This is a cross-sectional study of 306 subjects aged 40 years or older who were enrolled into the Veterans Affair Diabetes Trial. Calcified coronary atherosclerosis was assessed using electron beam computed tomography scored by the Agatston method. Clinical parameters, traditional cardiovascular risk factors and plasma levels of CRP, IL-6 and Lp-PLA2 were measured at the time of the scan. Coronary artery calcium scores (CAC) increased stepwise across increasing categories of IL-6, but did not change across increasing categories of CRP and Lp-PLA2. After adjustment for traditional cardiovascular risk factors, IL-6 was significantly associated with CAC scores (p= 0.05). The association between IL-6 and CAC was largely in those with lower (below the median) abdominal artery calcium (AAC) levels (p= 0.03).

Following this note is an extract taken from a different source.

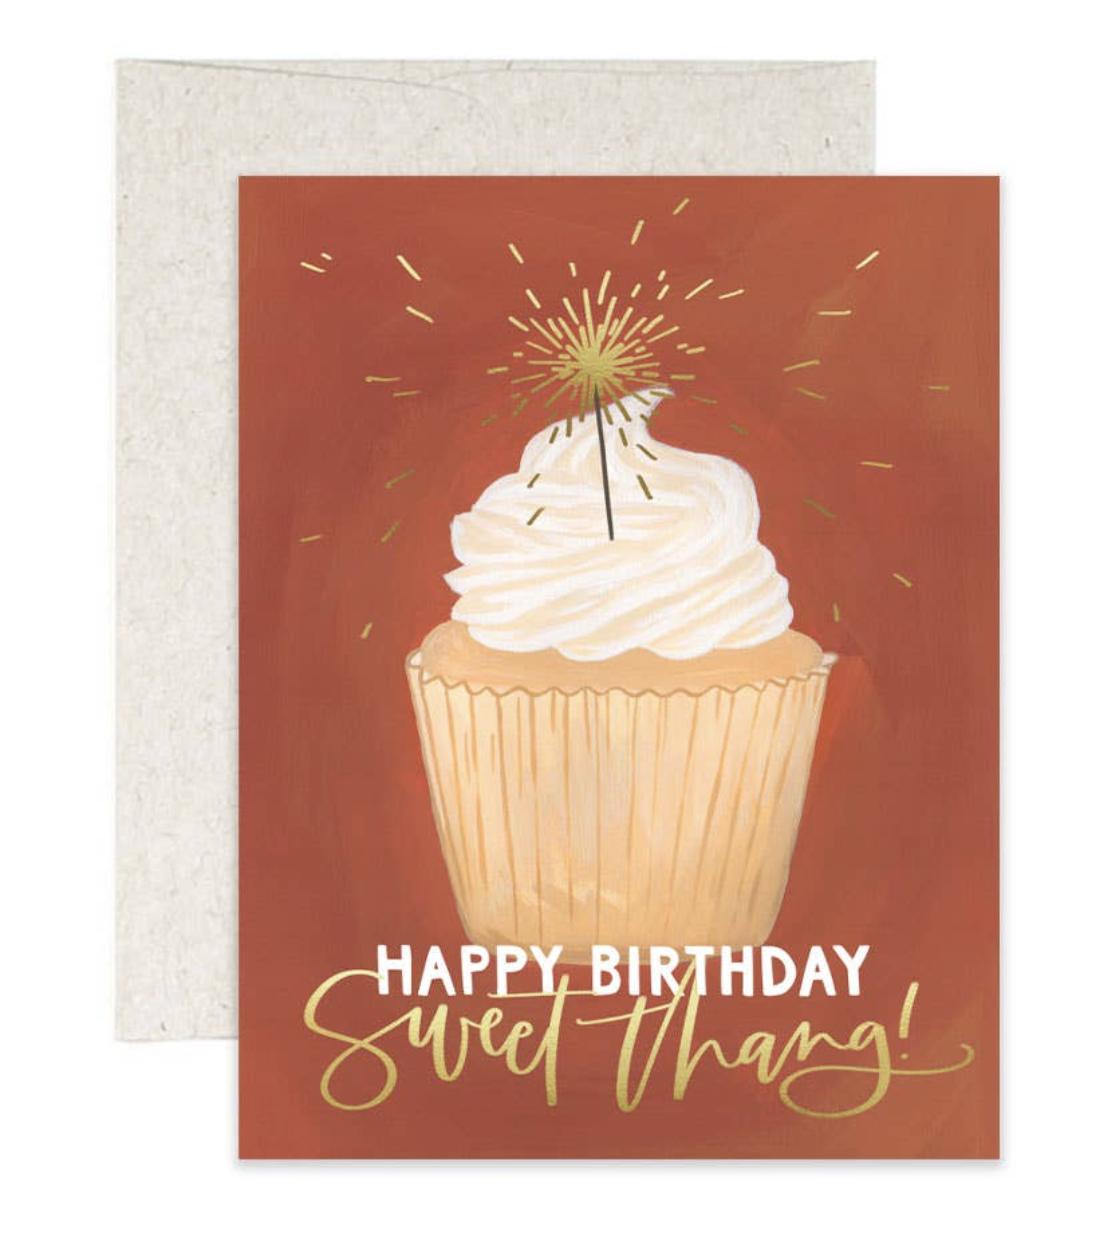 HBD Cupcake, Blank Greeting Card

Despite a generally higher level of systemic inflammation in T2DM, the inflammatory marker IL-6 remained significantly associated with CAC score, particularly in those subjects with lower AAC scores.
Mounting evidence supports the contribution of inflammation to the pathophysiology of atherosclerosis. In fact, there has been remarkable consistency in the relationship between inflammatory markers and cardiovascular disease (CVD) in numerous population-based studies. Inflammatory markers such as high sensitivity CRP (CRP)[1,2], interleukin-6 (IL-6), lipoprotein-associated phospholipase A2 (Lp-PLA2), and white blood cells [4,5] are increased in individuals with CVD, and elevated levels of these markers frequently precede the development of CVD[1–7]. While type 2 diabetes (T2DM) has frequently been referred to as a chronic inflammatory state, and increased levels of markers of systemic inflammation have been consistently reported in individuals with diabetes, when compared to those without diabetes, most studies of inflammatory markers and CVD have been conducted in populations with a low prevalence of T2DM. There are few studies conducted within diabetes cohorts, and the results are not conclusive[9–13].
Similarly, only a few studies have assessed the relationship between inflammatory markers and direct measures of coronary atherosclerosis, such as that provided by coronary artery calcium . Subjects with T2DM have increased levels of atherosclerosis in multiple blood vessels [12–15] and the relationship between inflammation and atherosclerosis may vary across vascular beds. This complicates understanding the association between various inflammatory markers and coronary disease, and may in part explain the inconsistent findings concerning inflammation and CVD in the few previous studies in diabetic cohorts. A unique feature of this study in individuals with T2DM was the availability of measures of calcified atherosclerosis in both the coronary and abdominal aortic vascular beds, permitting investigation of the association between inflammatory markers and coronary artery calcium (CAC), while accounting for the effect of non-coronary atherosclerosis, as assessed by abdominal aortic calcium (AAC).
Data for this study derive from baseline examinations of participants in the Risk Factors, Atherosclerosis, and Clinical Events in Diabetes (RACED) study  which is a seven-site substudy of the Veterans Affairs Diabetes Trial (VADT). The study design, with exclusion/inclusion criteria, for the VADT has been previously described. Approximately 95% of all subjects who were recruited into the VADT study at sites participating in the RACED sub-study also agreed to both undergo baseline electron-beam-computer-assisted tomography scans (EBCT) of the coronary and abdominal aortic vascular beds and provide blood samples for assessment of emerging risk factors. While in the fasting state, blood was drawn, and plasma and serum aliquots were prepared and frozen at −80°C, for measurement of novel cardiovascular risk factors including IL-6, CRP, and Lp-PLA2.
The VADT baseline examination included a medical history, physical examination, and collection of blood for measurement of traditional cardiovascular risk factors. Height and weight were measured to the nearest 0.1 cm and 0.5 kg respectively, and body mass index (kg/m2) was calculated. Information regarding current medical health status, including history of diabetes, hypertension, prior CVD, and medication, was collected by a questionnaire administered by research staff as previously described .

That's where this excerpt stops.